» **Recorded information**
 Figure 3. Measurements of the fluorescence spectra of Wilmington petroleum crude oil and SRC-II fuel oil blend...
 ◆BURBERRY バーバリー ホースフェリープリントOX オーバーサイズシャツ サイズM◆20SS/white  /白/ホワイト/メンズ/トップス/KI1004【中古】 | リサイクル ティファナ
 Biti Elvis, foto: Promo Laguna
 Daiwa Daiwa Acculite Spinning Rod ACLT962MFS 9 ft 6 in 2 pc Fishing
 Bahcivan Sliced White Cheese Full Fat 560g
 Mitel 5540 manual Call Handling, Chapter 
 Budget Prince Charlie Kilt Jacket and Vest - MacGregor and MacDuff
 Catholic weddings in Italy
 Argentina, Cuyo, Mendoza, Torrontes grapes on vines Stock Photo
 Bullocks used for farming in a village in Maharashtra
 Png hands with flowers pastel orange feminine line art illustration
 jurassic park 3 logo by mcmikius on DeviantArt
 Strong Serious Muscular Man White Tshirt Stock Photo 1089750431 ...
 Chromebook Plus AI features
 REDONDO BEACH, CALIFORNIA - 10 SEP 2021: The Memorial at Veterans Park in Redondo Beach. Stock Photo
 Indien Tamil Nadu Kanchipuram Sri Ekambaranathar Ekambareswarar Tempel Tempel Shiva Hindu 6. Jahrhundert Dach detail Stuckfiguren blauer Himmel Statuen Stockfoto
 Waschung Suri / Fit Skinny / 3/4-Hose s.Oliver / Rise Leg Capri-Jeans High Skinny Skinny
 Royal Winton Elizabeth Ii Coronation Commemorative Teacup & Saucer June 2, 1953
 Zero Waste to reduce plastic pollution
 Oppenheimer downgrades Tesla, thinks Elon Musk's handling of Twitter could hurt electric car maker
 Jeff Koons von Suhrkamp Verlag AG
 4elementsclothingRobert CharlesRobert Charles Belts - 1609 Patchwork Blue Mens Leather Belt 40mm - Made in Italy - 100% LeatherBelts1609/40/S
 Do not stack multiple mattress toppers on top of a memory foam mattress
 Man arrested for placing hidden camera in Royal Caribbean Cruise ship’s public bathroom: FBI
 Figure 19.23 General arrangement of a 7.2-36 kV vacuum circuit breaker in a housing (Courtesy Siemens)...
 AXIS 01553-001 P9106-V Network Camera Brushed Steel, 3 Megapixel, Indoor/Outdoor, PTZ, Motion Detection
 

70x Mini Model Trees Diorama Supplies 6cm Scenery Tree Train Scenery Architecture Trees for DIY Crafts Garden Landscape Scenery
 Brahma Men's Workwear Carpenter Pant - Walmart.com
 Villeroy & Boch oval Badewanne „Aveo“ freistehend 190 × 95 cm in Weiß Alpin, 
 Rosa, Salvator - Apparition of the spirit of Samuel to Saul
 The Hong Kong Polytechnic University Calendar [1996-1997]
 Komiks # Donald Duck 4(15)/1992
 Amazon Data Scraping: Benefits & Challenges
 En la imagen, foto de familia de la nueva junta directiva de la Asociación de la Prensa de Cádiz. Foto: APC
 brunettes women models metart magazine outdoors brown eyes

» **Try it**
State how many lines of the data include the word "Italy", with nothing else.

» **Your response**
2